Le prime volte che vai in reparto sei un po’ titubante, magari ti chiedi: «Farò la cosa giusta? E se poi sbaglio?», però ti rendi ben presto conto di non essere da solo. Infatti, per me A.B.C. è condivisione: condividi i momenti con i bambini, con i genitori, con i volontari che ti accompagnano durante il turno, con volontari di altre associazioni e con gli operatori sanitari del reparto. Condividendo i momenti, le emozioni, i racconti, i giochi, le parole, credo che il volontario cerchi di dare un supporto, per come può, nel suo piccolo, sia ai genitori che ai bambini. Certo, talvolta torni a casa chiedendoti: «Avrò detto/fatto la cosa giusta?», ma sai che, se ne hai bisogno, hai qualcuno con cui parlarne, soprattutto grazie alle riunioni mensili dei volontari che frequentano il reparto, momenti, a mio parere, molto importanti.
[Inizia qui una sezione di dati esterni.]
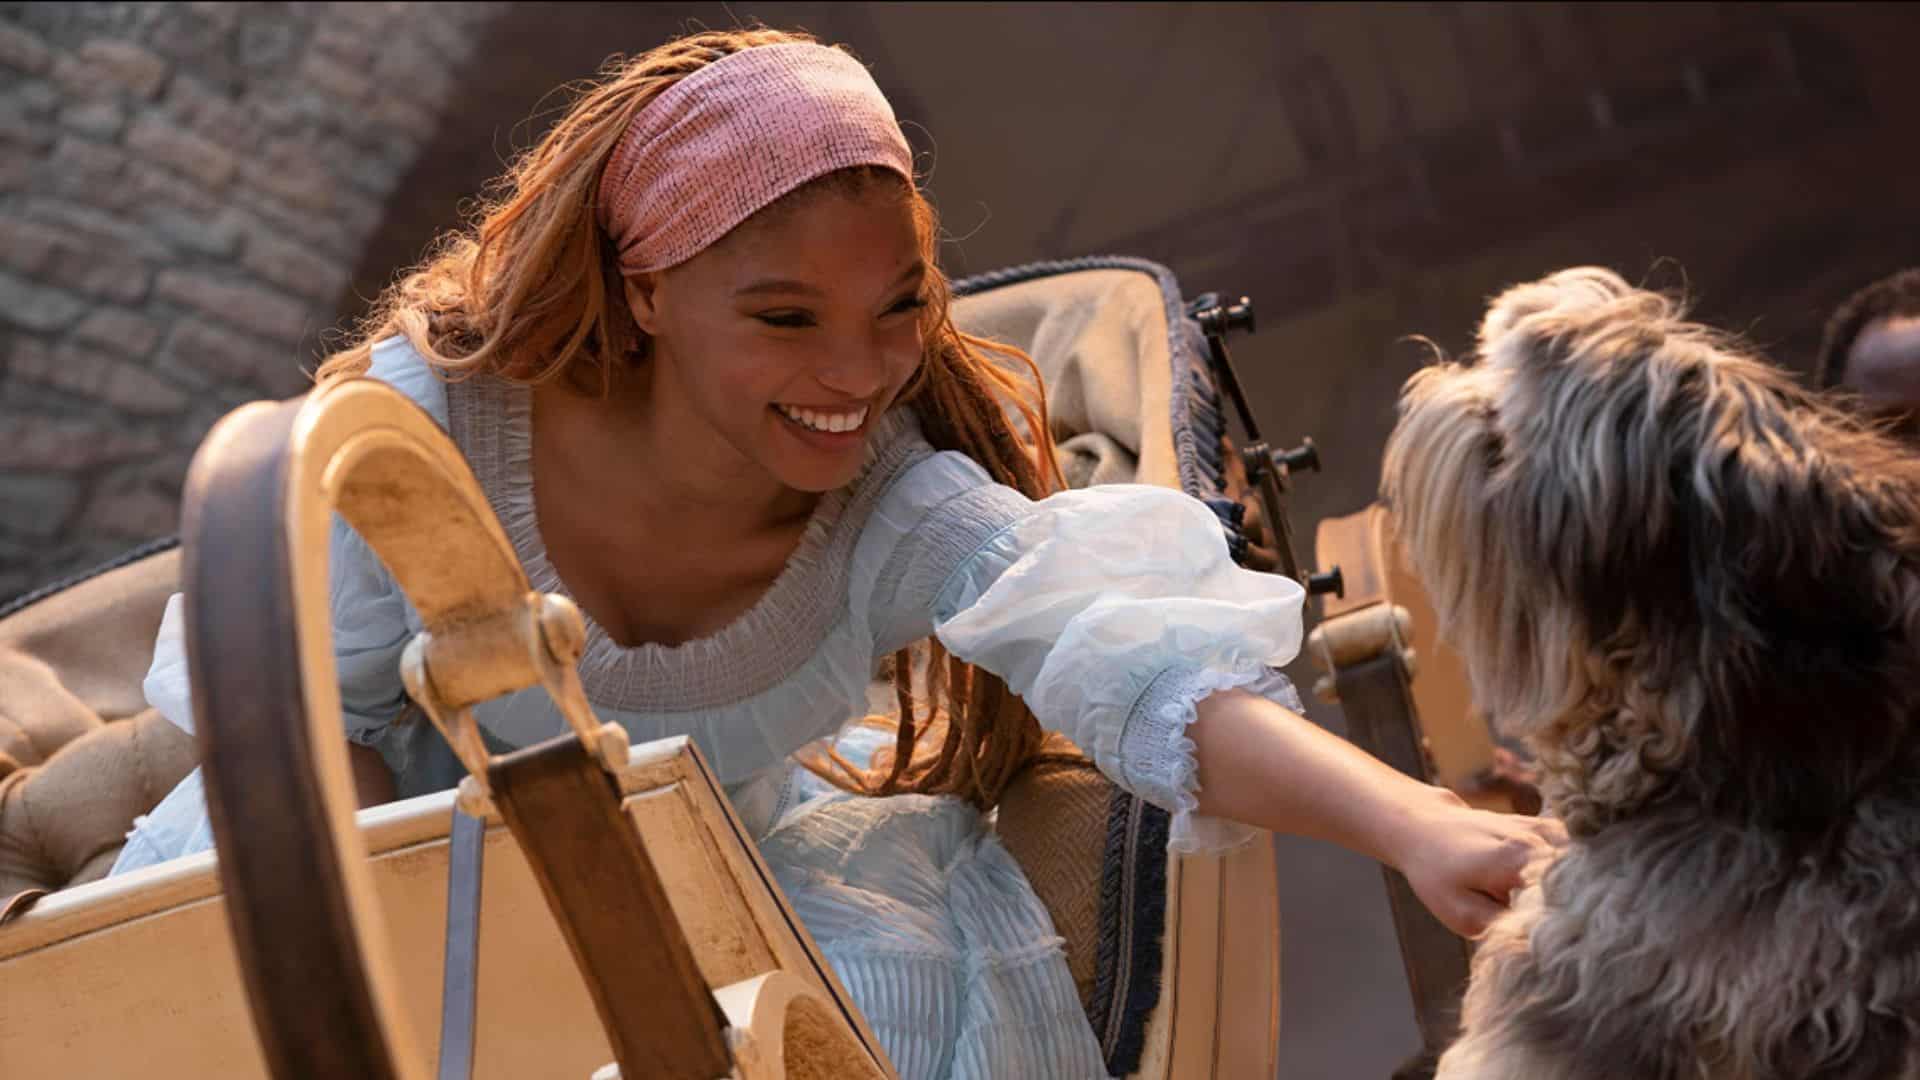 Halle Bailey sitting in a carriage and petting a dog in this image from Walt Disney Pictures.

Tutto questo aiuta ad arricchirti come persona, ti metti in dubbio, vedi, ascolti, provi sensazioni ed emozioni che ti fanno riflettere.
Dopo un po’ che frequenti il reparto, l’A.B.C. è anche aspettare di vedere Viktoria, Margherita, Isabella, è voler giocare con loro a scala quaranta, a “palloncinvolo”, a Uno, ma oltre a ciò, è essere disposti a fare qualcosa di diverso se avessero voglia di modificare la loro “routine”, è essere pronti ad ascoltare, se ce ne fosse il bisogno.
Per me l’A.B.C., talvolta, è felicità e tristezza allo stesso tempo: è salutare qualcuno “sperando di non rivederlo”.
Pochi mesi, tante emozioni. Forse può essere difficile iniziare ad essere un volontario, ma credo sia facile continuare a farlo.